> _EXERCISE GOAL_
Pictures excluded, reproduce exactly the lines below from the one with "Hidesign Women Blue" through the one with "Description: red currant", both included.

═══ DATA EXTRACT ═══

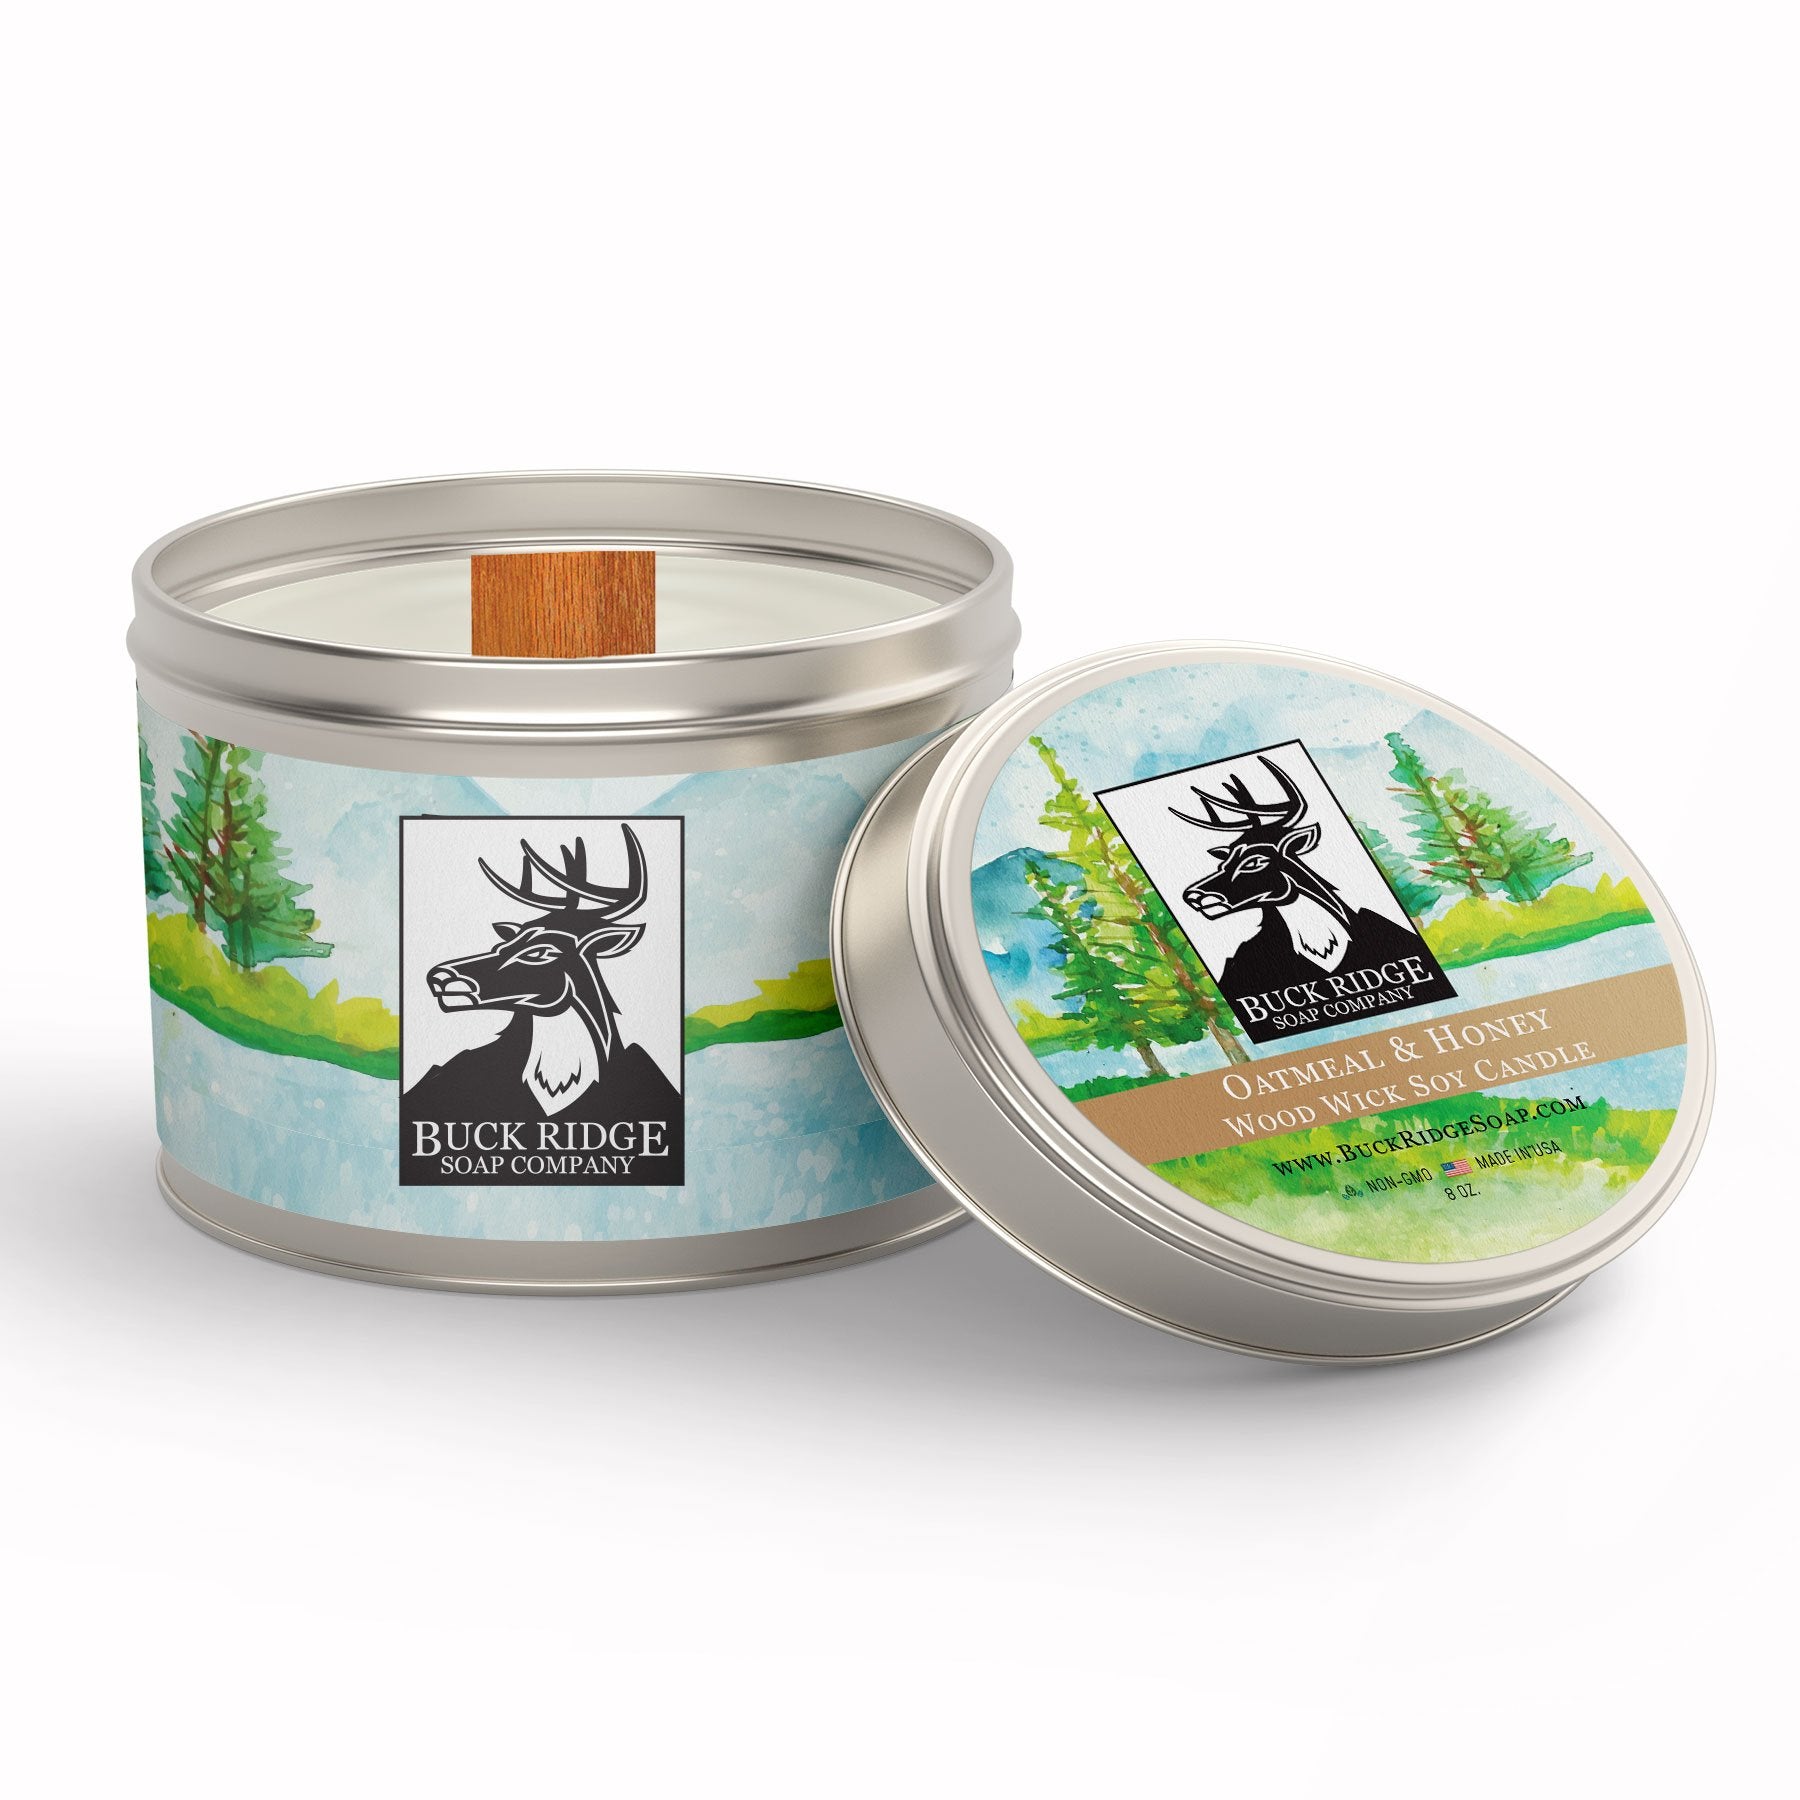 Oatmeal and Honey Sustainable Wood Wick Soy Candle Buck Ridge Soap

═══
═══ DATA EXTRACT ═══

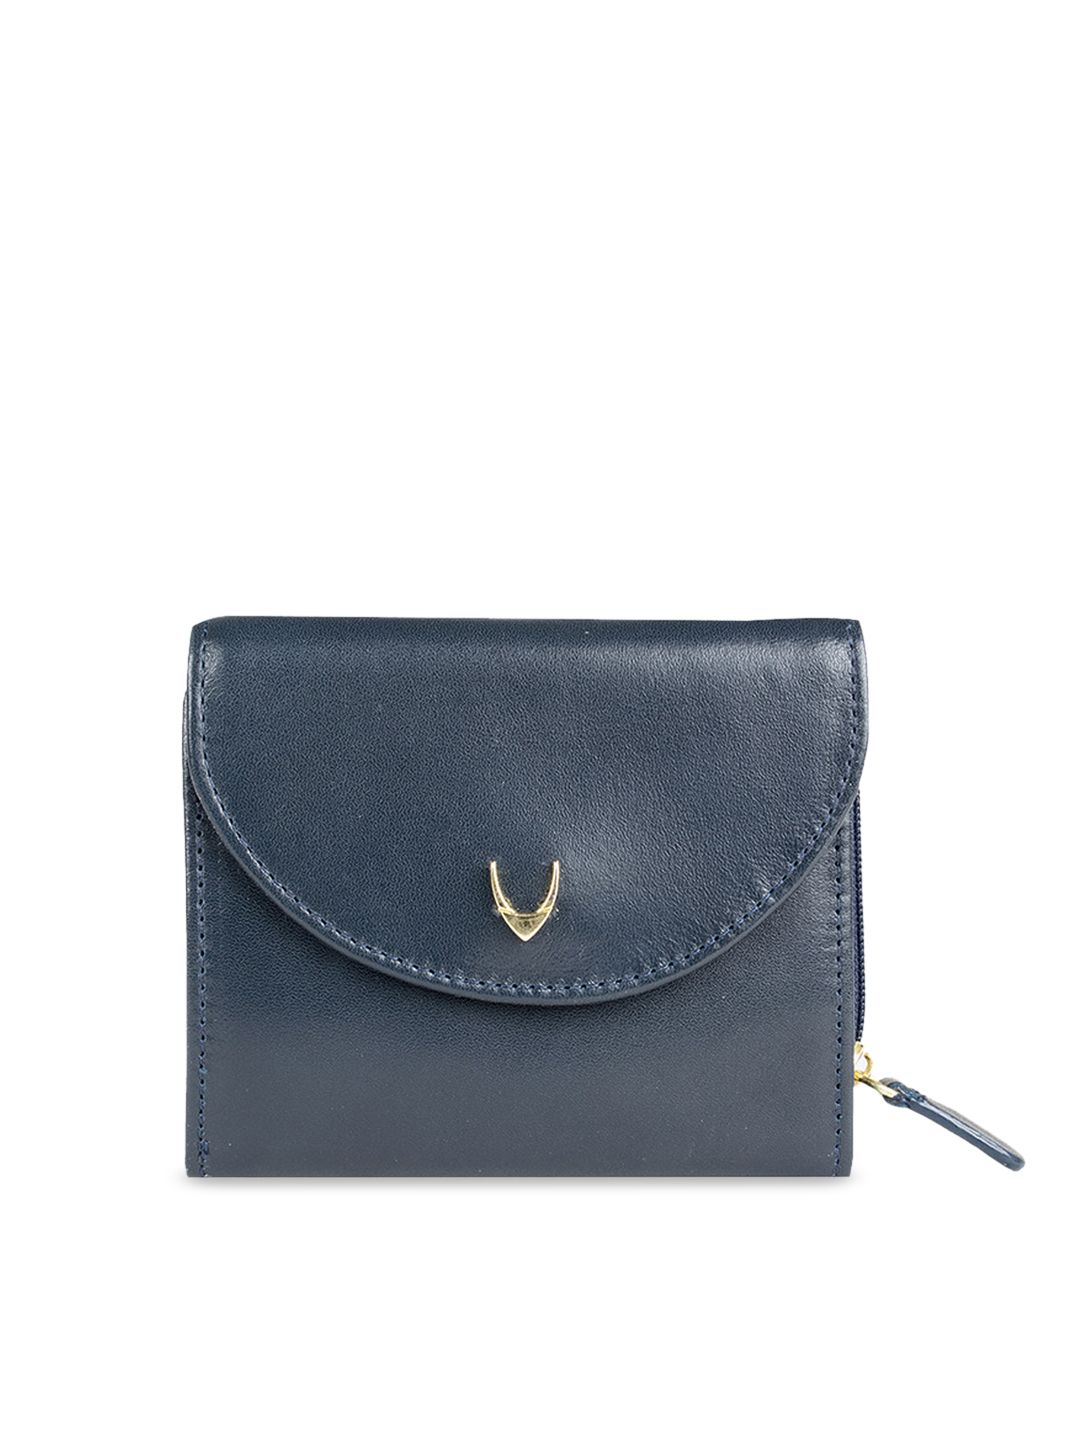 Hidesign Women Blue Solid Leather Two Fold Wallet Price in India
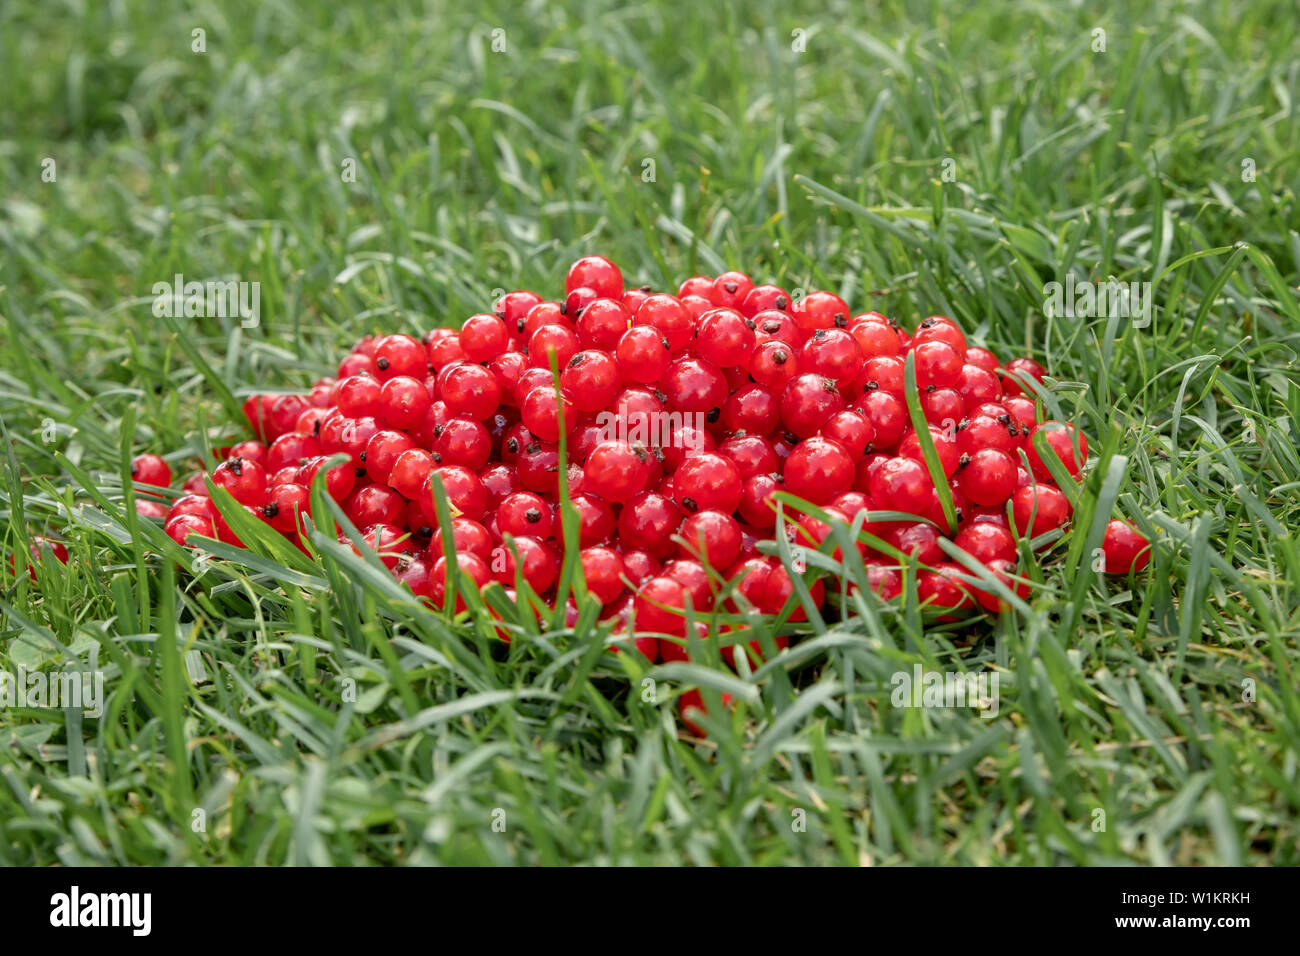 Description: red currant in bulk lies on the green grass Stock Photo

═══
═══ DATA EXTRACT ═══

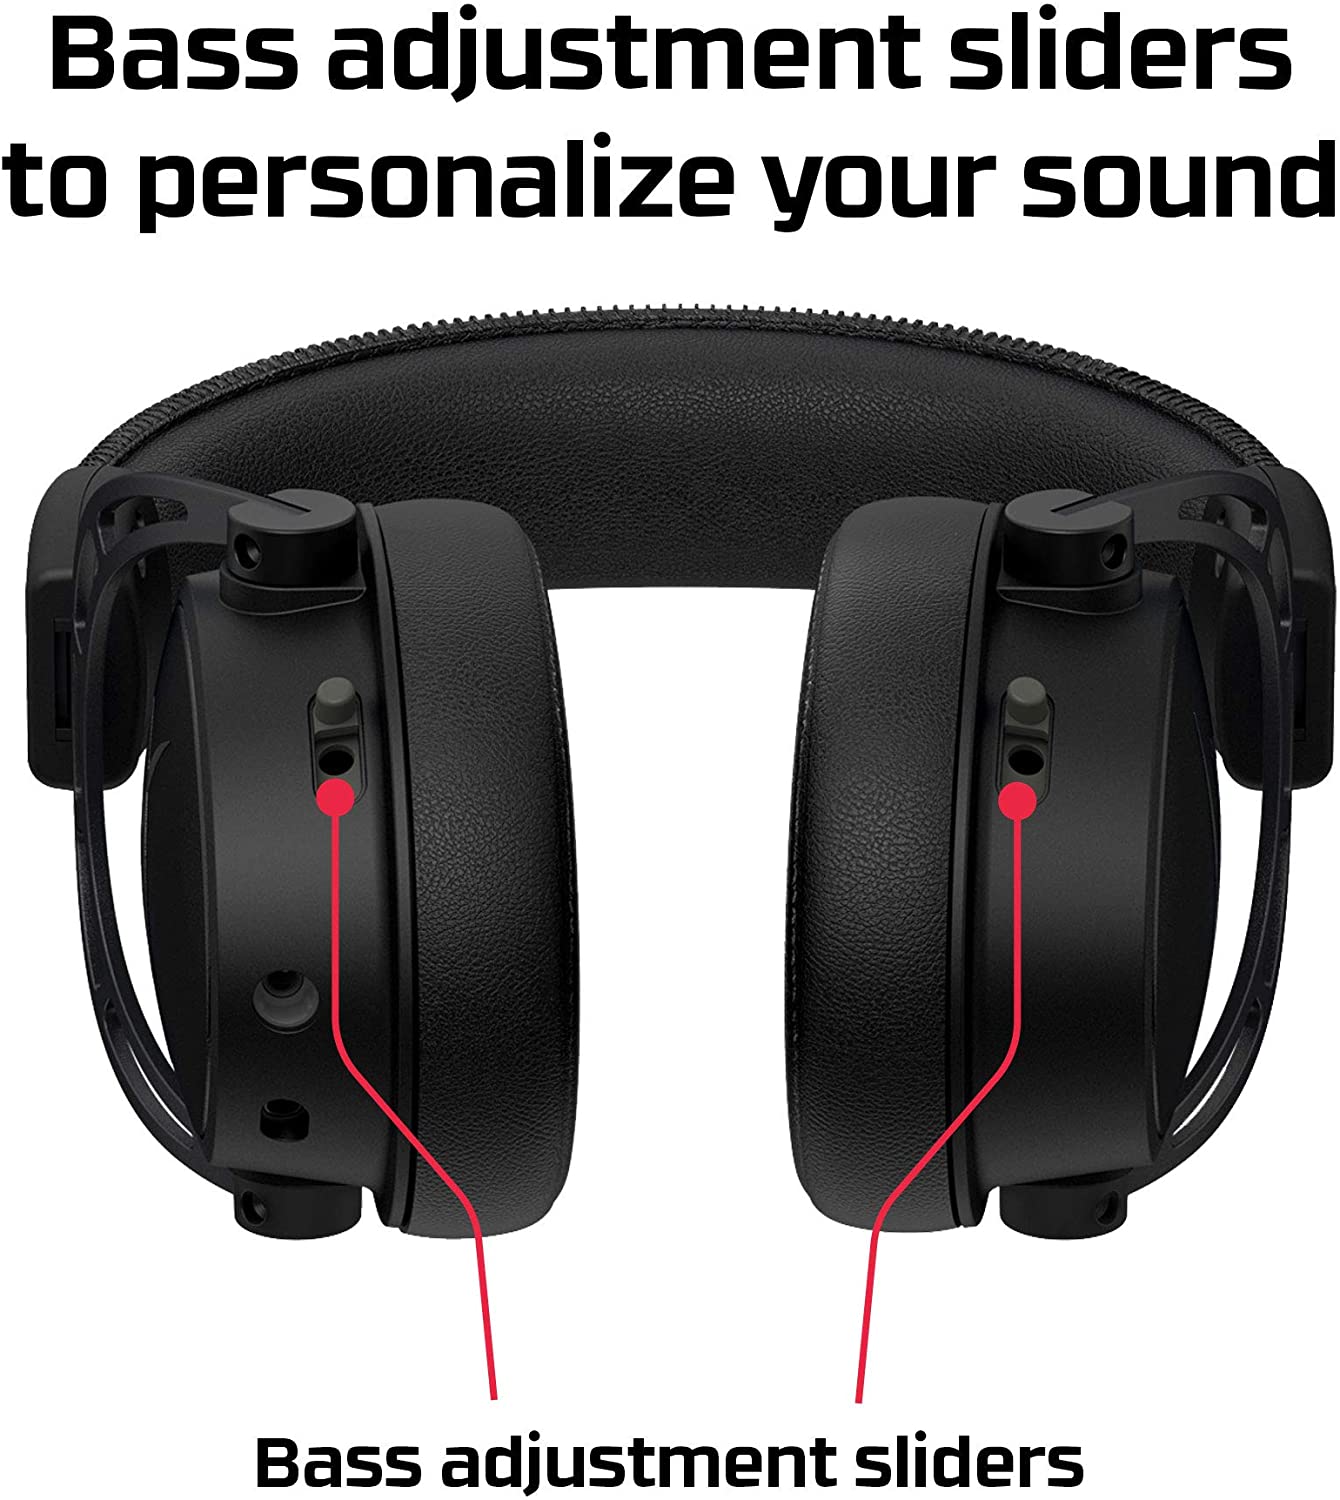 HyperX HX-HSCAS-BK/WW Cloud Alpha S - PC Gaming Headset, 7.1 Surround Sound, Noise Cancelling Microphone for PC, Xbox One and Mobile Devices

═══

> _EXERCISE SOLUTION_
 Hidesign Women Blue Solid Leather Two Fold Wallet Price in India
 Description: red currant in bulk lies on the green grass Stock Photo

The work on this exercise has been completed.